→ **What you need to do**
Leave the pictures out and return every line below exactly.
(Beginning of Material provided)
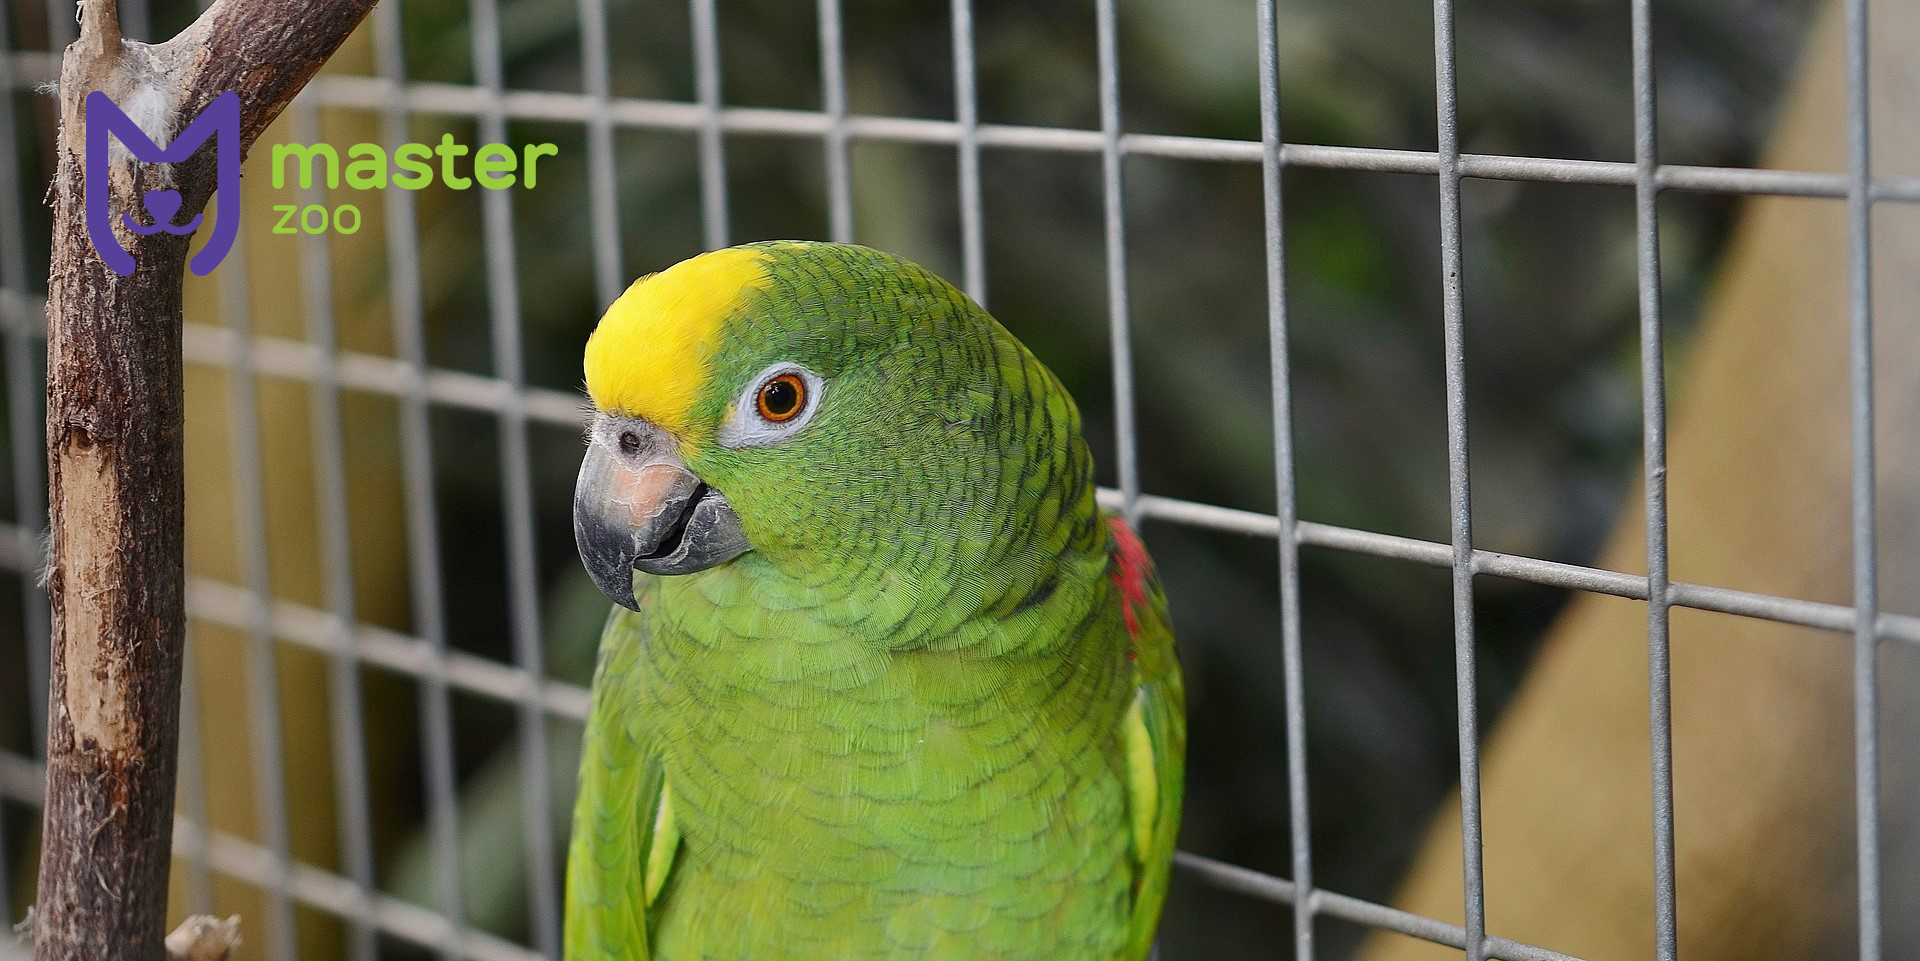 Як часто потрібно прибирати в клітці у папуги?
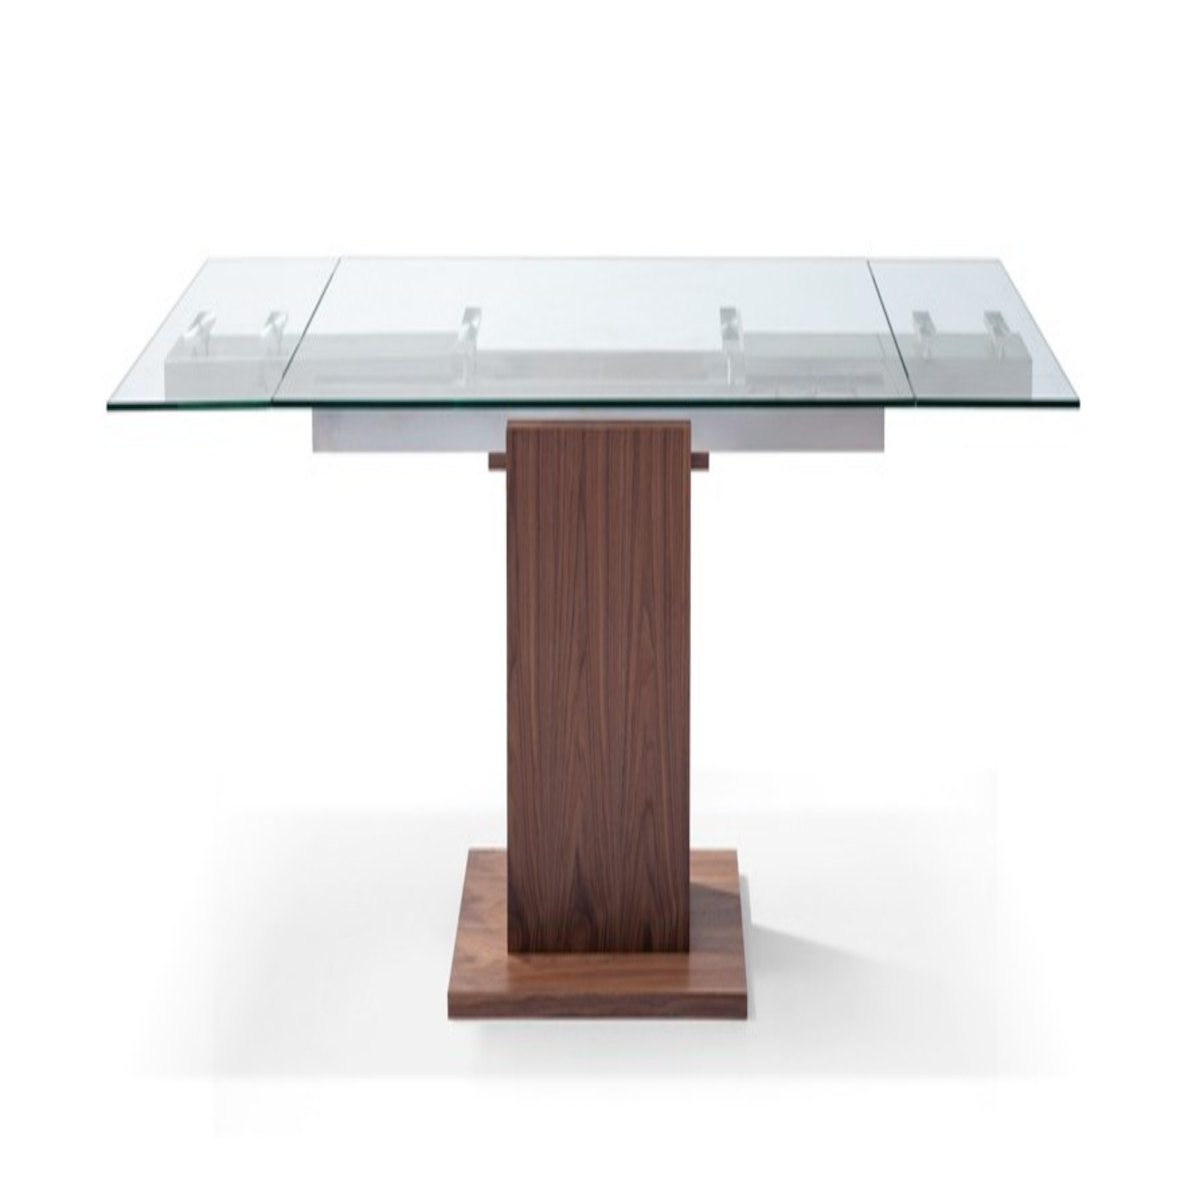 Whiteline Modern Living Pilastro Extendable Dining Table DT1275-WLT
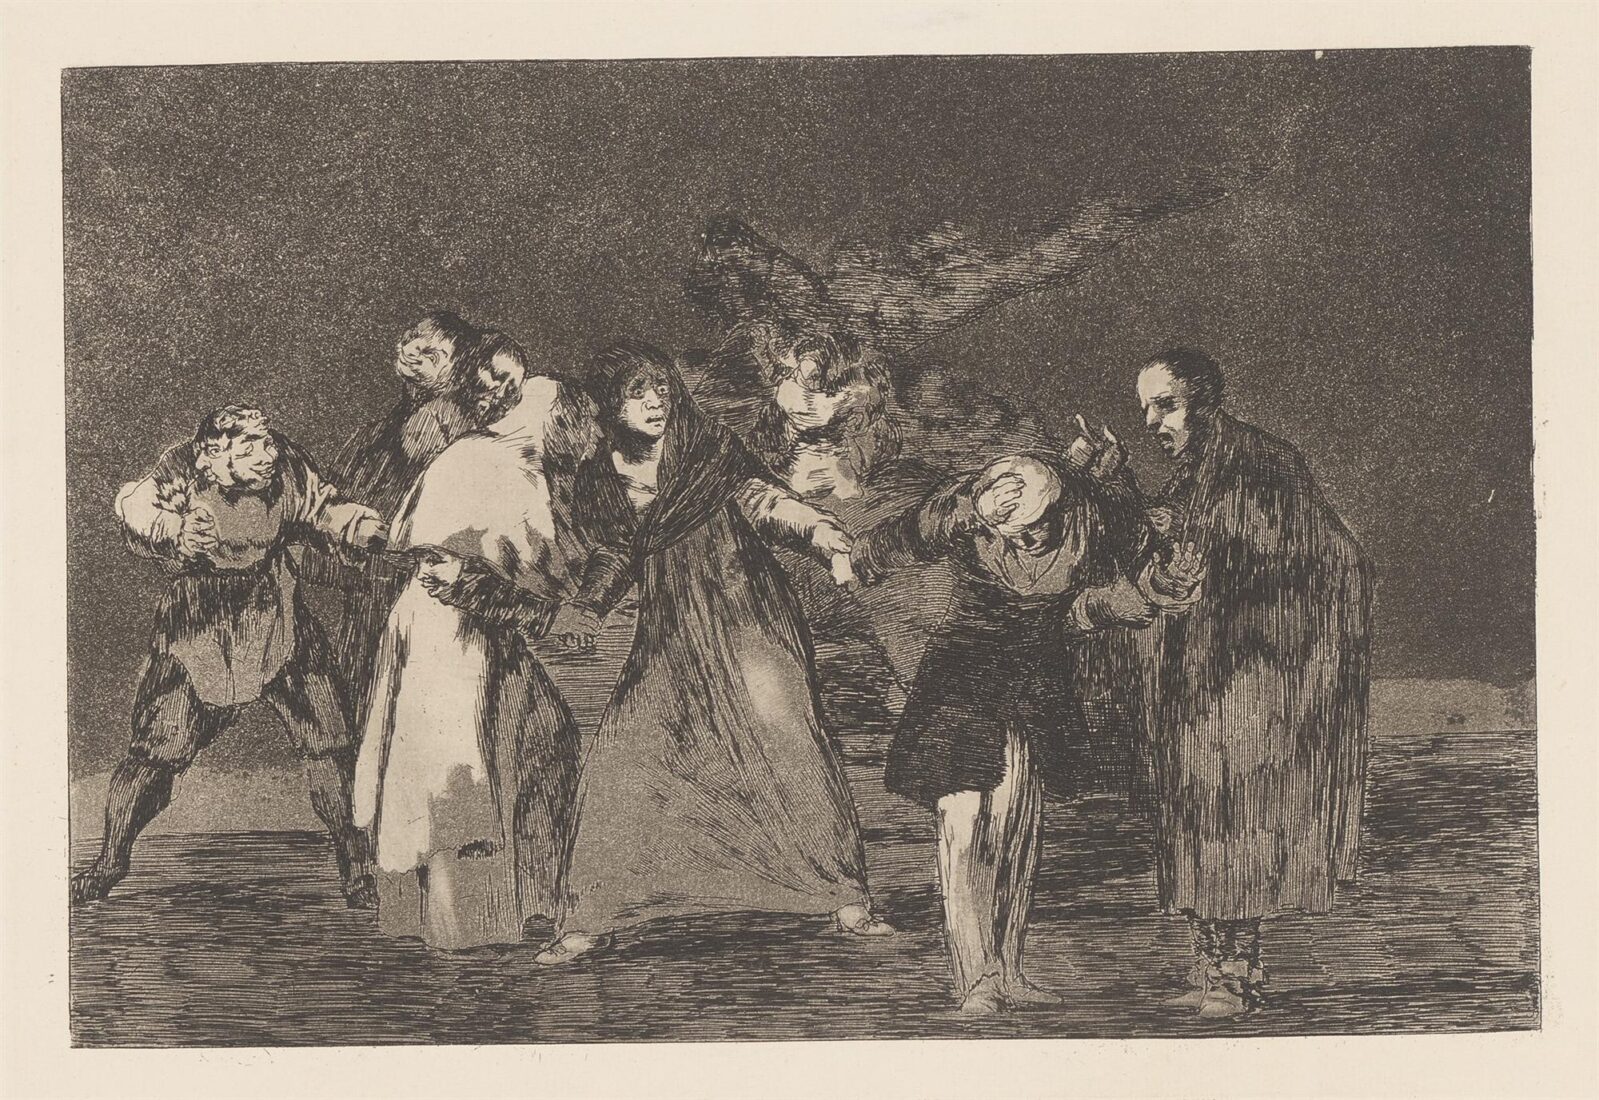 Τριπλή τρέλα ή Οι παραινέσεις [Η πληγή της μαχαιριάς βρίσκει γιατρειά, της γλώσσας όχι] - Goya y Lucientes Francisco
(End of Material provided)
→ **Written solution**
 Як часто потрібно прибирати в клітці у папуги?
 Whiteline Modern Living Pilastro Extendable Dining Table DT1275-WLT
 Τριπλή τρέλα ή Οι παραινέσεις [Η πληγή της μαχαιριάς βρίσκει γιατρειά, της γλώσσας όχι] - Goya y Lucientes Francisco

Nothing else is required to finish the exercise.